| WORK INSTRUCTIONS |
At the line that holds "the driver hand", start repeating, and keep going exactly through the final line of the material; include both ends and skip the pictures.

SUPPLIED MATERIAL below:

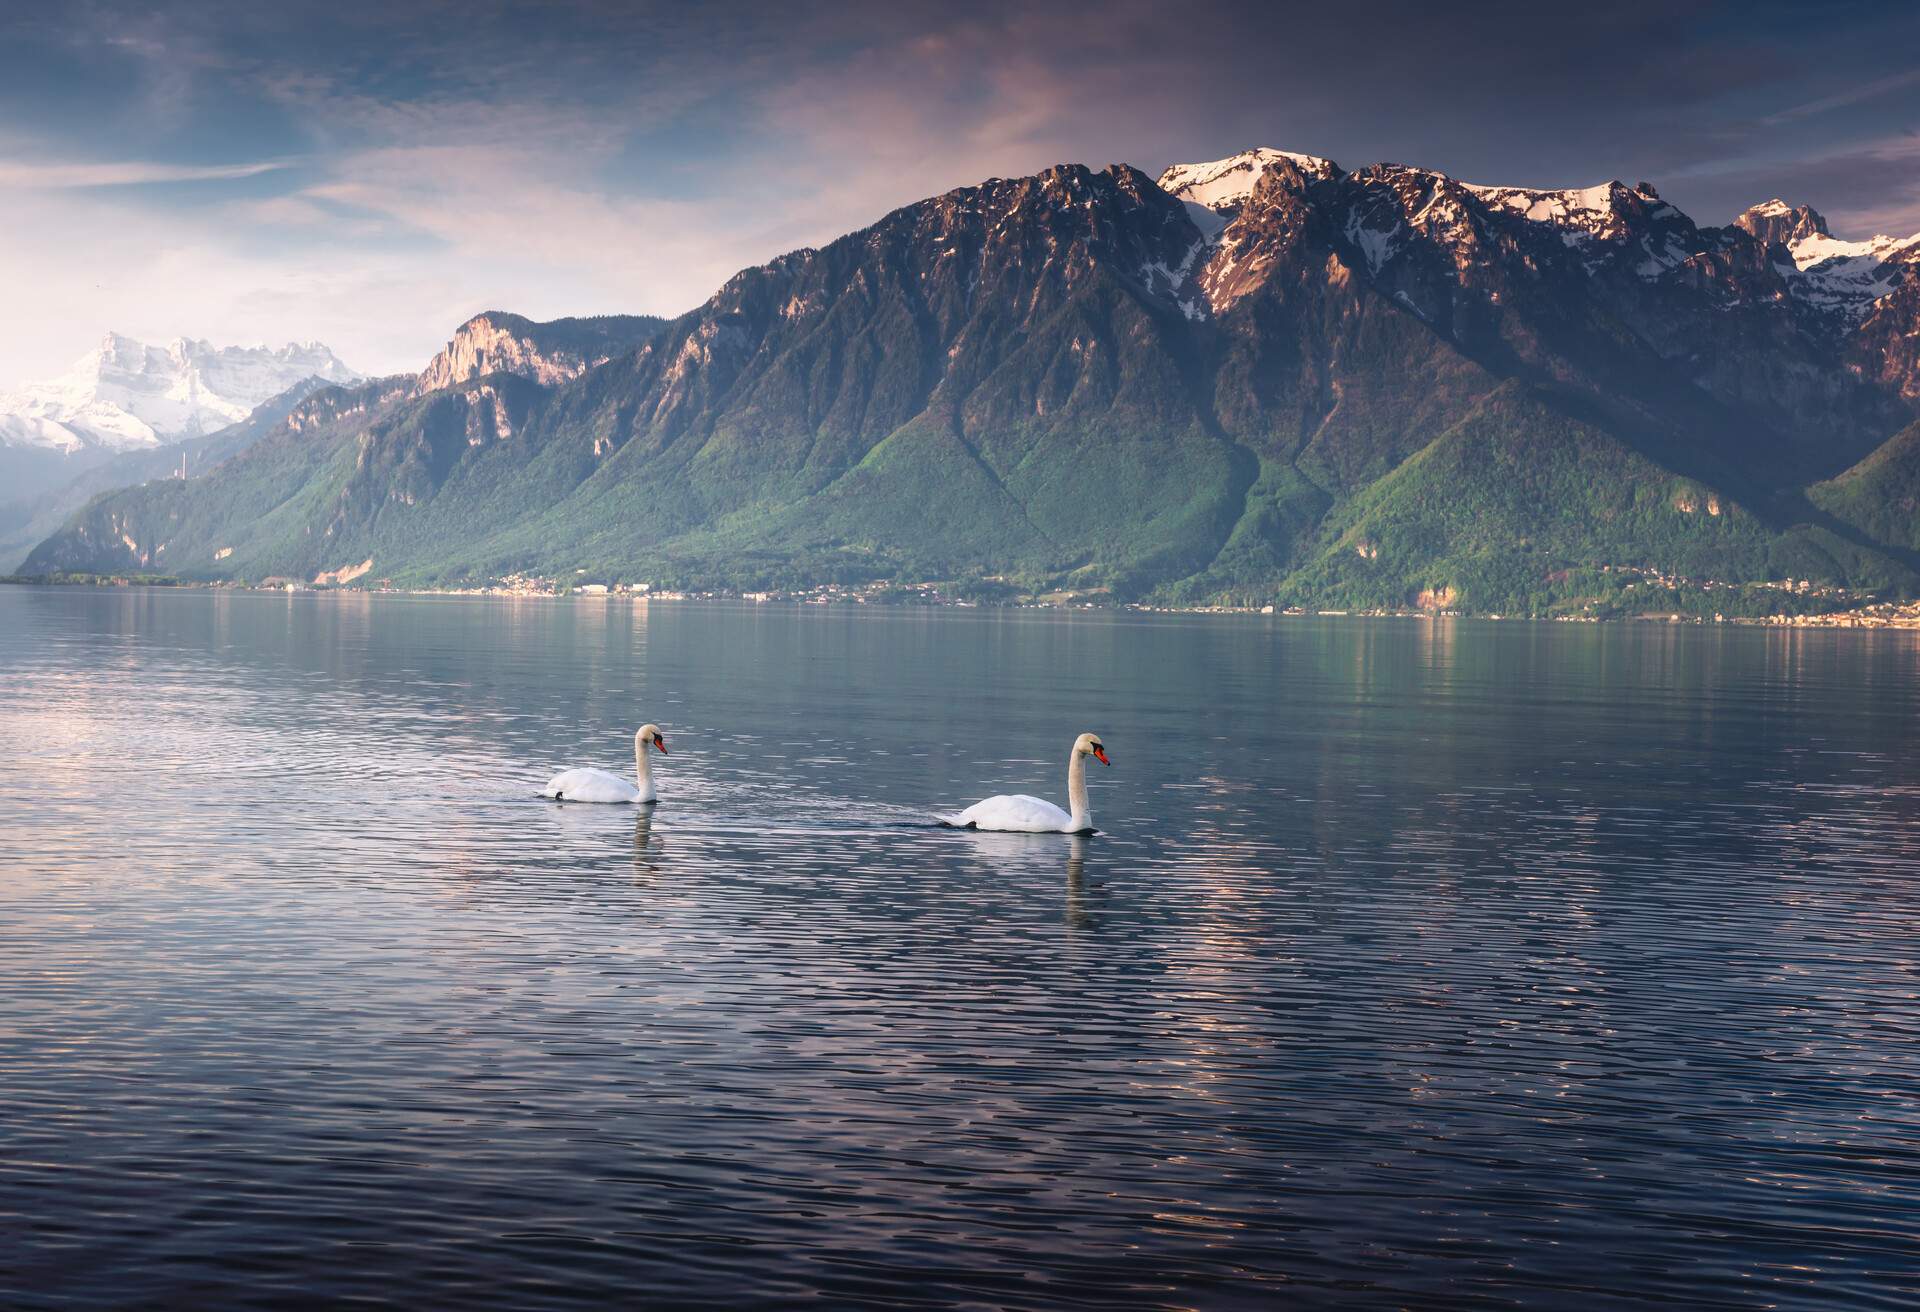 Nature Landscape Scenery View and Twin Swans in The Lake of Geneva Lake, Vevey, Switzerland
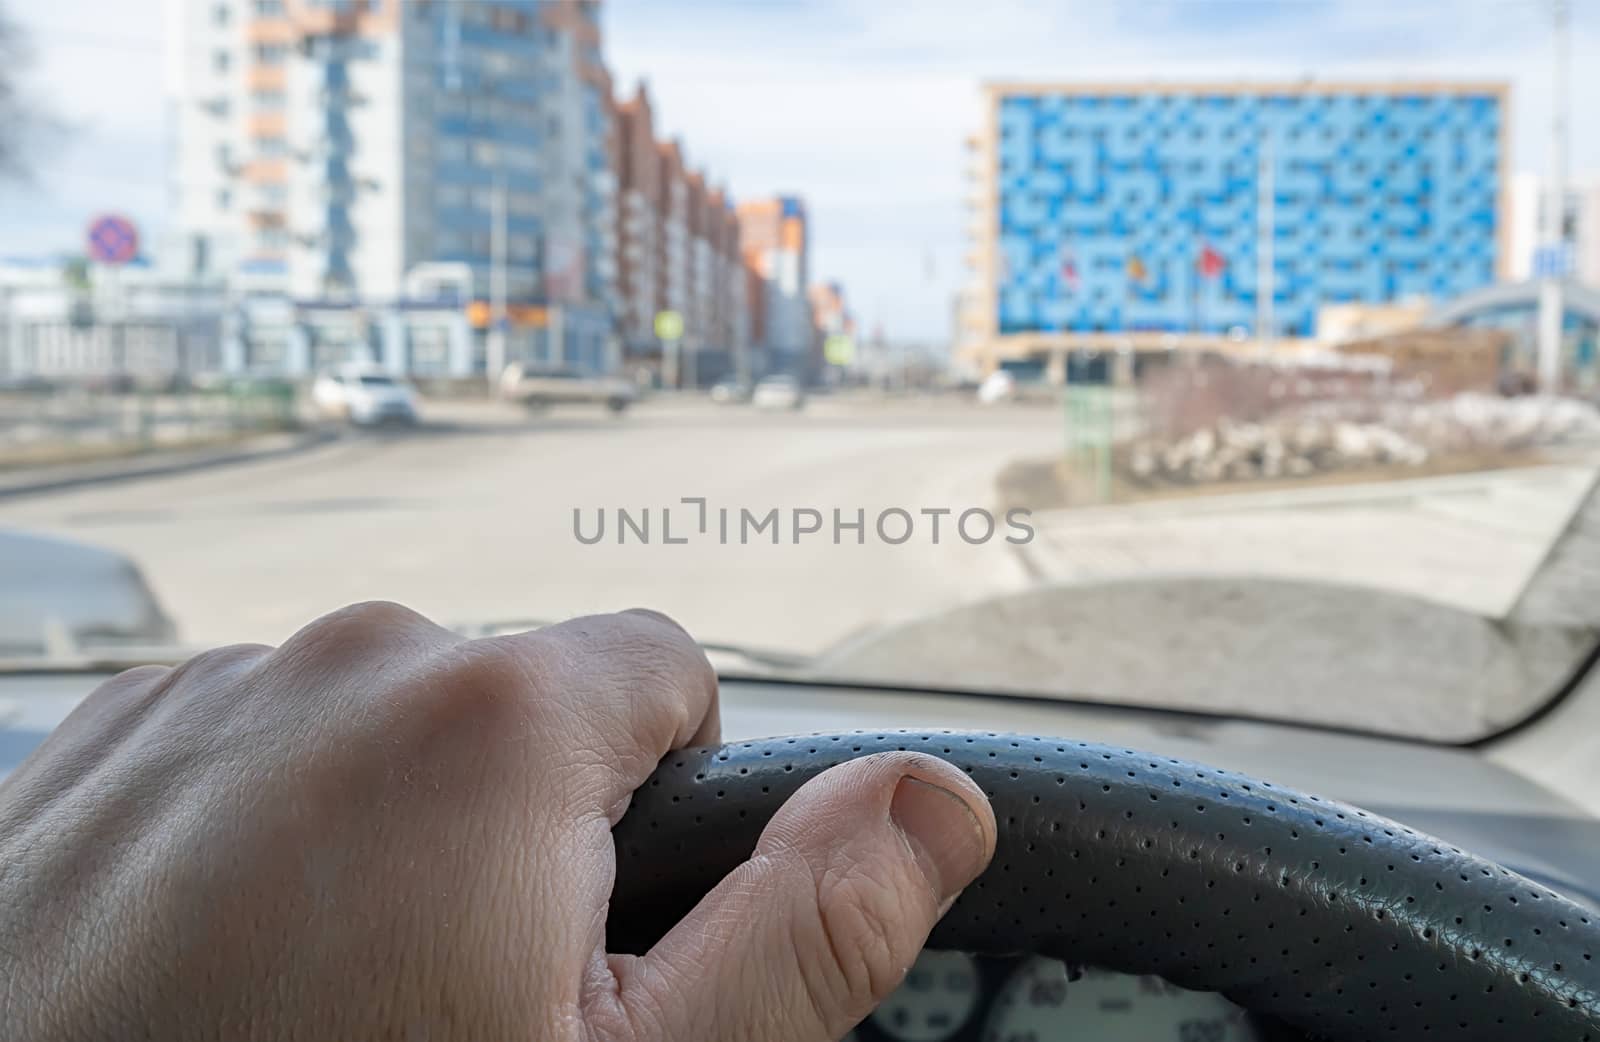 the driver hand on the steering wheel of a car by jk3030
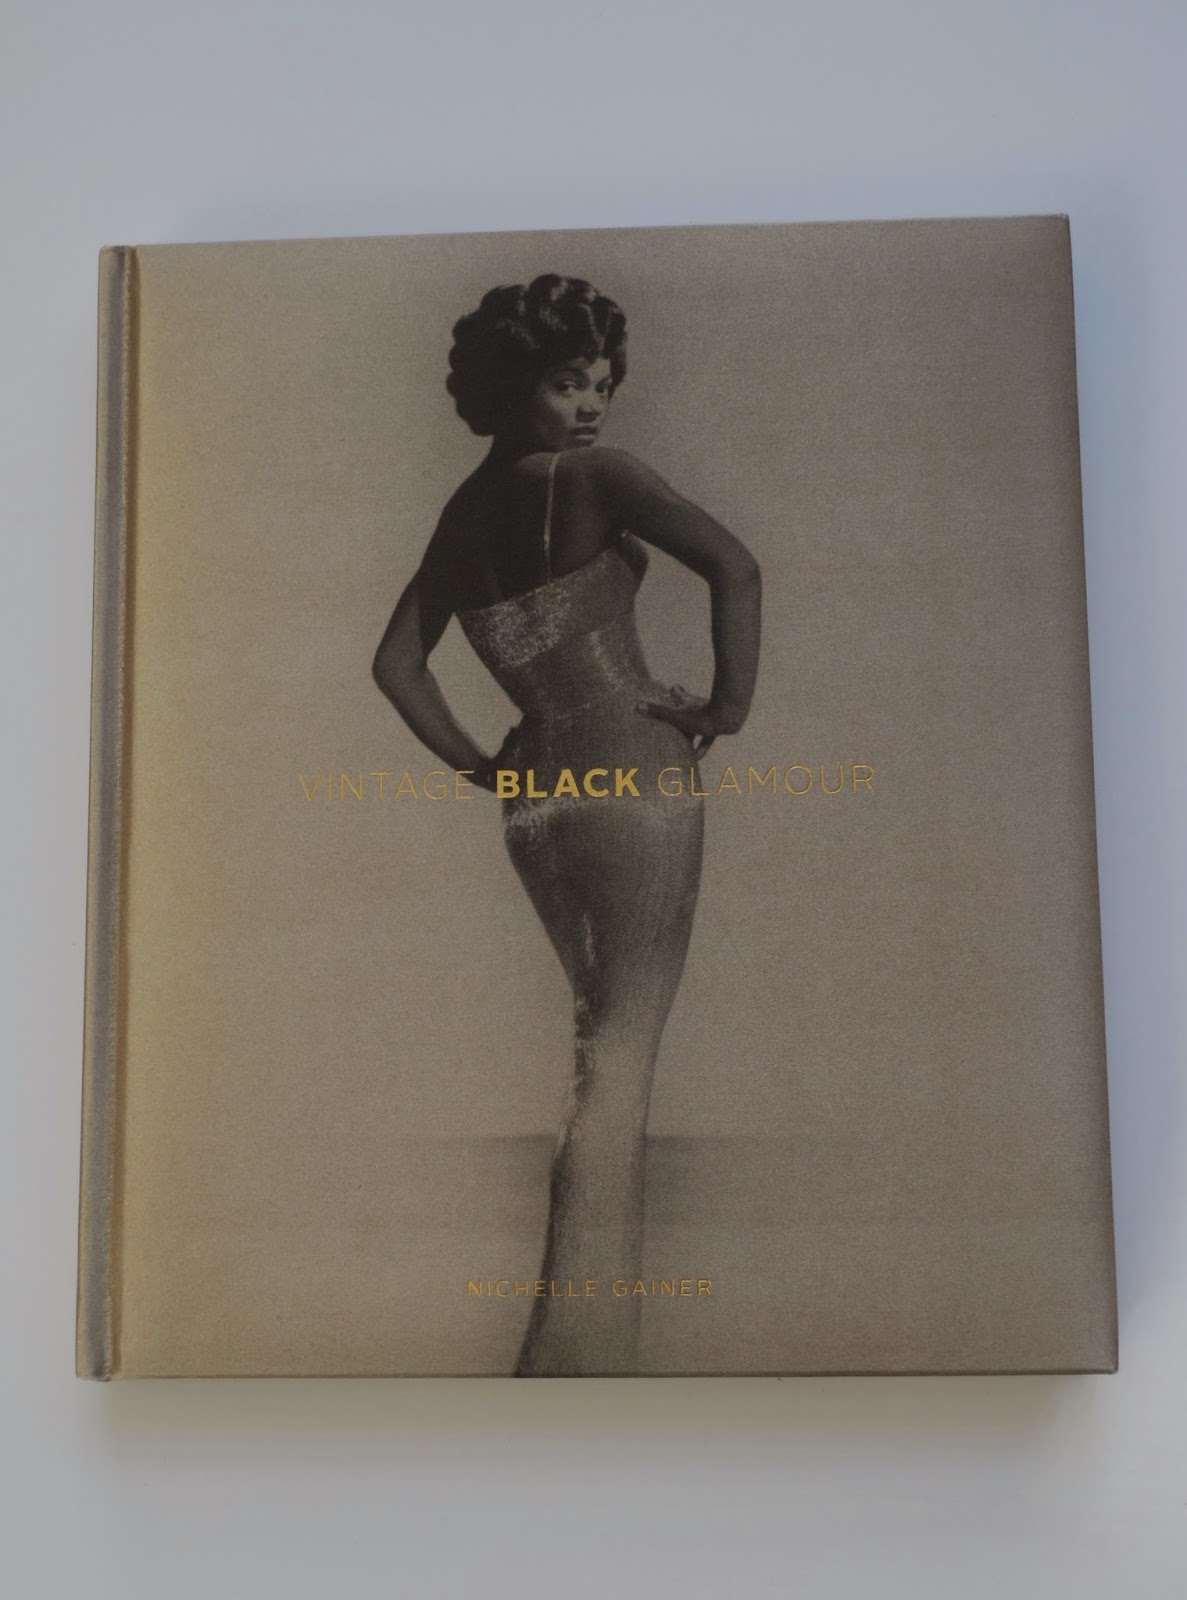 Vintage Black Glamour by Nichelle Gainer- Book Review

End of SUPPLIED MATERIAL.

| FINISHED TASK |
 the driver hand on the steering wheel of a car by jk3030
 Vintage Black Glamour by Nichelle Gainer- Book Review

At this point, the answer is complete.